UN chief condemns Sudan’s RSF, Britain to push for Security Council action

By Michelle Nichols

UNITED NATIONS (Reuters) – United Nations Secretary-General Antonio Guterres condemned on Friday reported attacks on civilians by Sudan’s paramilitary Rapid Support Forces as Britain said it would push for a U.N. Security Council resolution on the more than 18-month long conflict.

War erupted in mid-April 2023 from a power struggle between the Sudanese army and the paramilitary Rapid Support Forces ahead of a planned transition to civilian rule, and triggered the world’s largest displacement crisis. 

The current war has produced waves of ethnically driven violence blamed largely on the RSF. The RSF has allegedly killed at least 124 people in a village in El Gezira State last month, activists said, in one of the conflict’s deadliest incidents.

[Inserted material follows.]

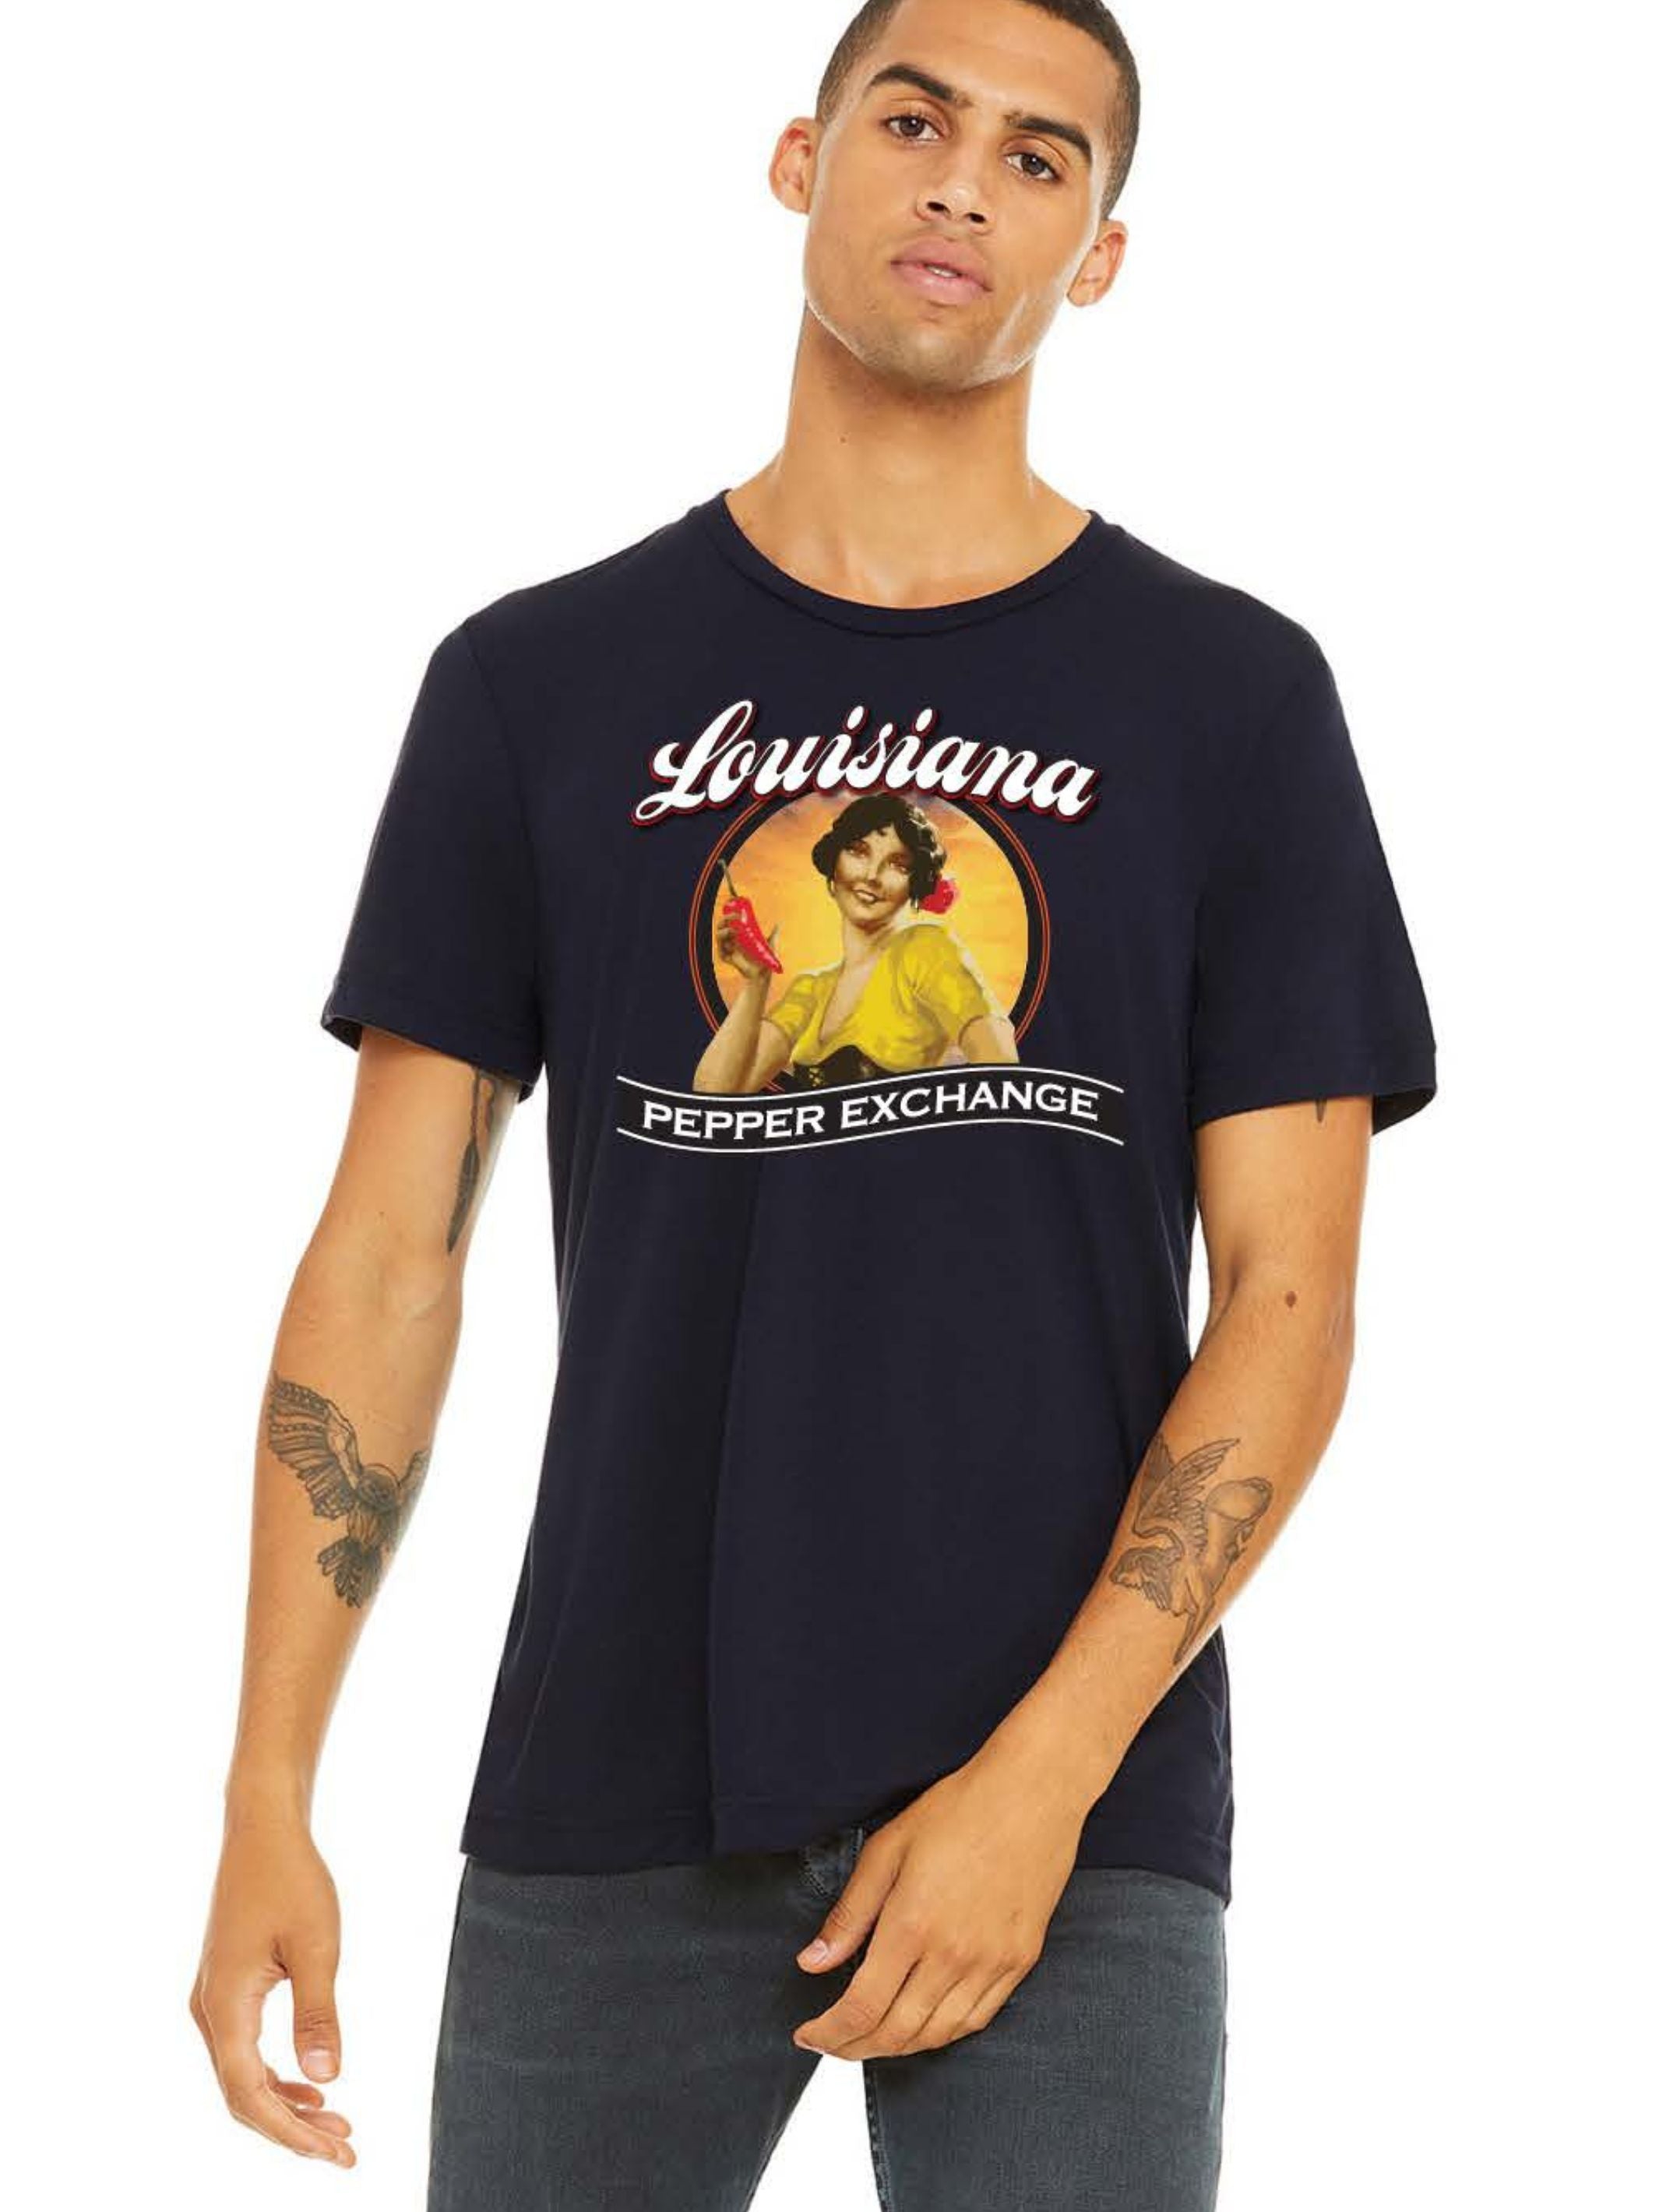 Louisiana HotSauce Tee' Men's T-Shirt
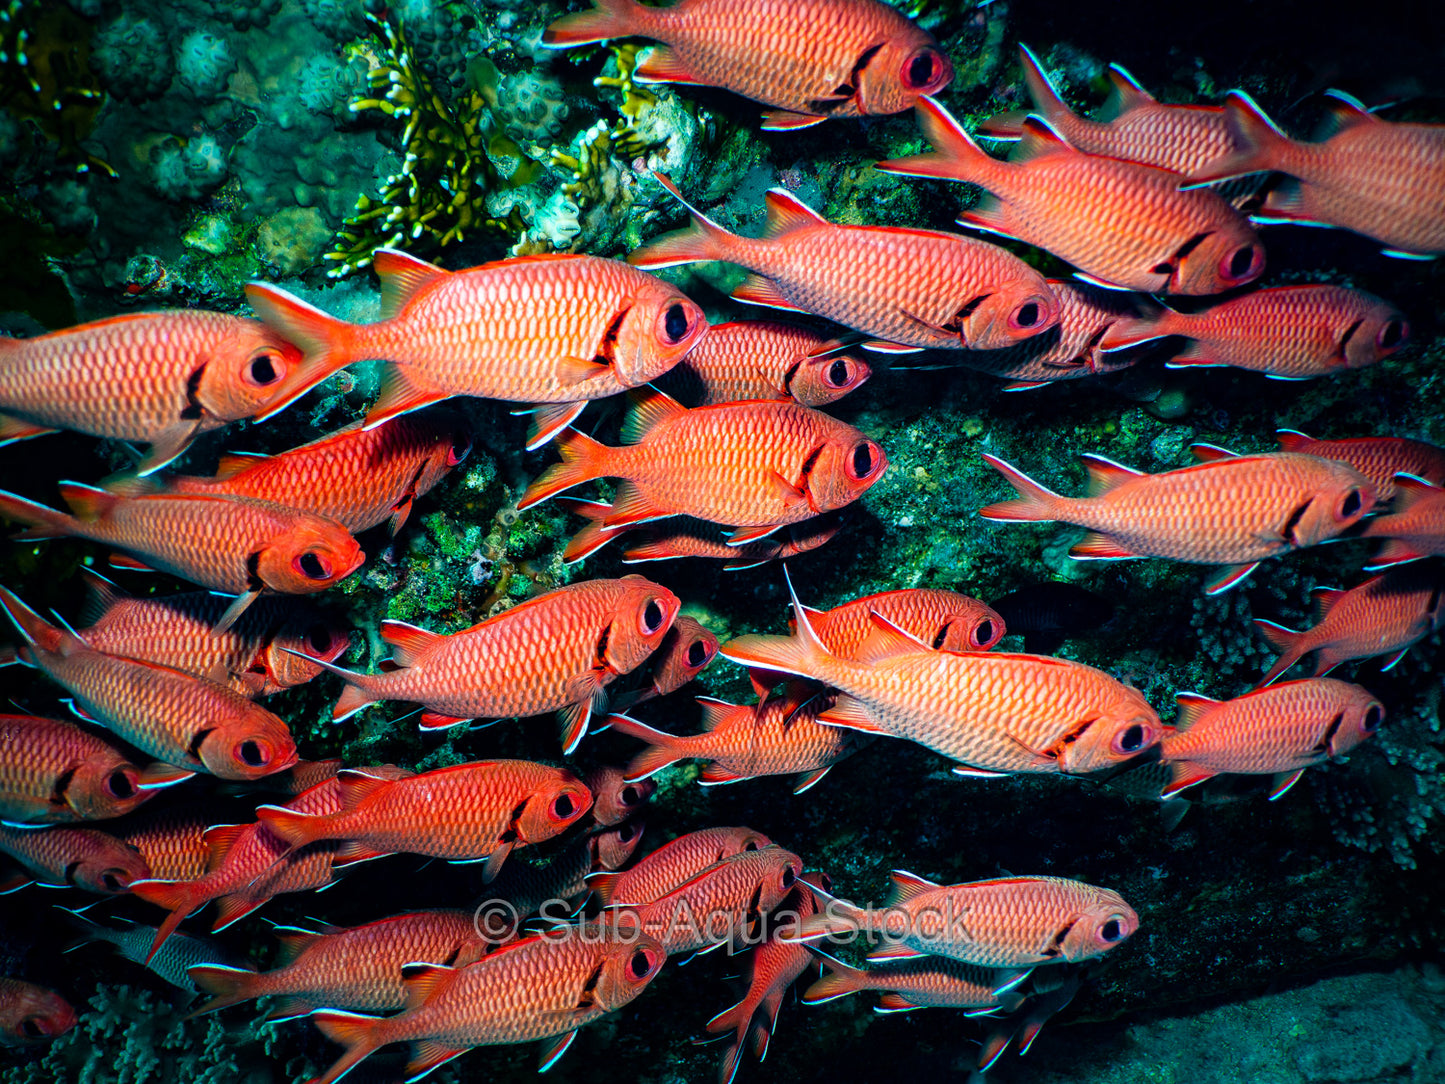 A school of red soldierfish (Myripristis murdjan) sheltering beneath a wreck.

The RSF has accused the army of arming civilians in Gezira. The RSF has previously denied harming civilians in Sudan and attributed the activity to rogue actors.

Guterres was appalled by “reports of large numbers of civilians being killed, detained and displaced, acts of sexual violence against women and girls, the looting of homes and markets and the burning of farms,” said a U.N. spokesperson.

“Such acts may constitute serious violations of international humanitarian law and human rights law. Perpetrators of such serious violations must be held accountable,” U.N. spokesperson Stephane Dujarric said.

Britain, which assumed the presidency on Friday of the Security Council for November, said the 15-member body would meet on Sudan on Nov. 12 to discuss “scaling up aid delivery and ensuring greater protection of civilians by all sides.”

“We will be shortly introducing a draft Security Council resolution … to drive forward progress on this,” Britain’s U.N. Ambassador Barbara Woodward told a press conference.

She said the draft would focus on “developing a compliance mechanism for the warring parties commitments they made on the protection of civilians in Jeddah over a year ago in 2023 and ways to support mediation efforts to deliver a ceasefire, even if we start local ceasefires before moving to a national one.”

A resolution needs at least 9 votes in favor and no vetoes by the U.S., France, Britain, Russia or China to be adopted.

The move comes as a three-month approval given by Sudanese authorities for the U.N. and aid groups to use the Adre border crossing with Chad to reach Darfur with humanitarian assistance is due to expire in mid-November.

The Sudanese army-backed government is committed to facilitate aid deliveries across the country, including in areas controlled by the RSF, Sudan’s U.N. Ambassador Al-Harith Idriss Al-Harith Mohamed said on Monday.

Russia’s U.N. Ambassador Vassily Nebenzia said on Monday that it was up to the Sudanese government to decide on whether the Adre crossing would remain open beyond mid-November and that it would be “inappropriate to put pressure on” the government.

“We’re categorically opposed to the politicization of humanitarian assistance,” he said. “We believe that any humanitarian assistance should be conducted and delivered solely with the central authorities in the loop.”